Write, right now.

Apologies to anyone who tried to get a coherent conversation out of me during November – it was such a busy month, I’ve practically crawled into December. In my mental fog, I forgot to buy an Advent calendar, which in hindsight is a good thing, as I’ve not got the strength to open the doors without the help of two burly men.

I spent the thirty days writing fifty thousand words for National Novel Writing Month, known affectionately as NaNoWriMo.

I’ve not tackled such a huge output of words since I wrote a dissertation for my degree, but in many ways this felt tougher. Academic work is structured around a question; this project was fired purely by my imagination.

Each day in November I had to commit to write. After years of talking about writing, and reading about writing, I suddenly had to start writing. It felt weird to break through that wall between thinking and doing, and be in the process of churning out the words.

Bizarrely the thing that prepared me best for the slog at my desk, was my running. When I first started out, I followed a running app. It made me commit to three sessions a week and build up from running 30 seconds at a time, to a full 35 minute run which covered about five kilometres.

Like writing, I had imagined being a runner for a really really long time before I actually got going. In my mind’s eye I would be a fluid, poised, gazelle of a runner – clad in stylish Sweaty Betty gear. The reality was a red faced, sweaty carthorse wearing a mish mash of sports kit I’d acquired from short stints of gym-going. I was still covering the ground, but maybe not in the way I had envisioned.

One of the best bits of advice when I struggled in those early days of pounding the pavements was ‘just keep putting one foot in front of the other’ – in essence, don’t worry about how fast/how stylish/how far: just get it done. I adopted the same approach each time I took to my keyboard. I wrote the words with little regard for whether they were any good, I just concentrated on getting one word down after another. I can always tweak it all later – as my mate Pete kept telling me: ‘you can’t edit no words’.

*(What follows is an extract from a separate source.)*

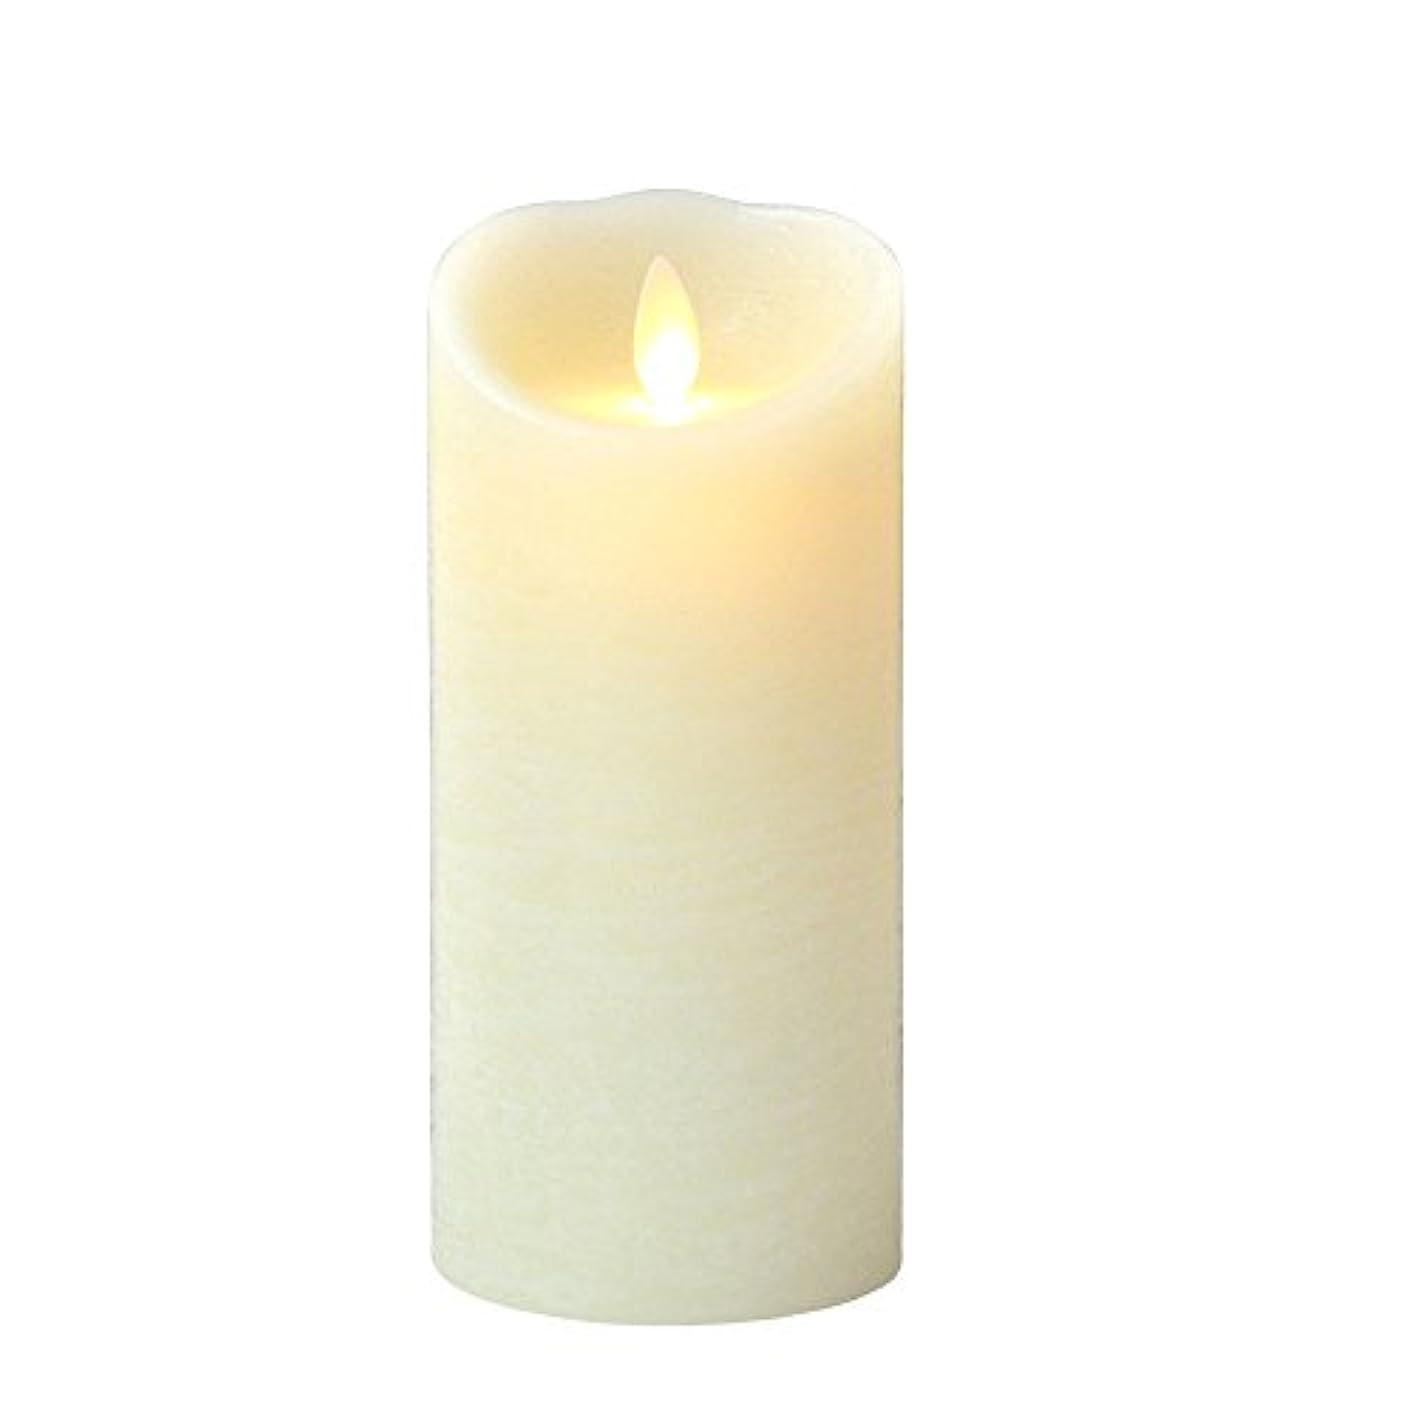 ヒューム原油屈辱する癒しの香りが素敵な間接照明! LUMINARA ルミナラ ピラー3×6 ラスティク B0320-00-20 IV?オーシャンブリーズ

When you run regularly you soon realise that how you start is not necessarily how you finish. I’ve sometimes been five minutes into it and honestly thought I wasn’t going to get to the end of the road; it is then you have to dig deep and push on. Weirdly those runs can end up being the best ones – and for me at least, it was often that way with the writing. I would be struggling during the first few hundred words and then suddenly hit a rhythm and quickly crank out a couple of thousand words.

What running has also given me is a real delight in surprising myself. I’ve never stuck at any exercise regime for longer than a couple of months – but two years on, I still manage to get out there and clock up 5K. It helped me when I was tearful and doubting my ability to get to the end, to remind myself that I am quite capable of hanging on in there and getting it done.

Despite hitting the word tally I’ve not completed a novel, so the challenge continues but at a much slower pace. The relief at hitting the fifty thousand benchmark was glorious though, and it made me realise I can do a full day’s work and then find time to write in the evenings and at weekends. A real step forward.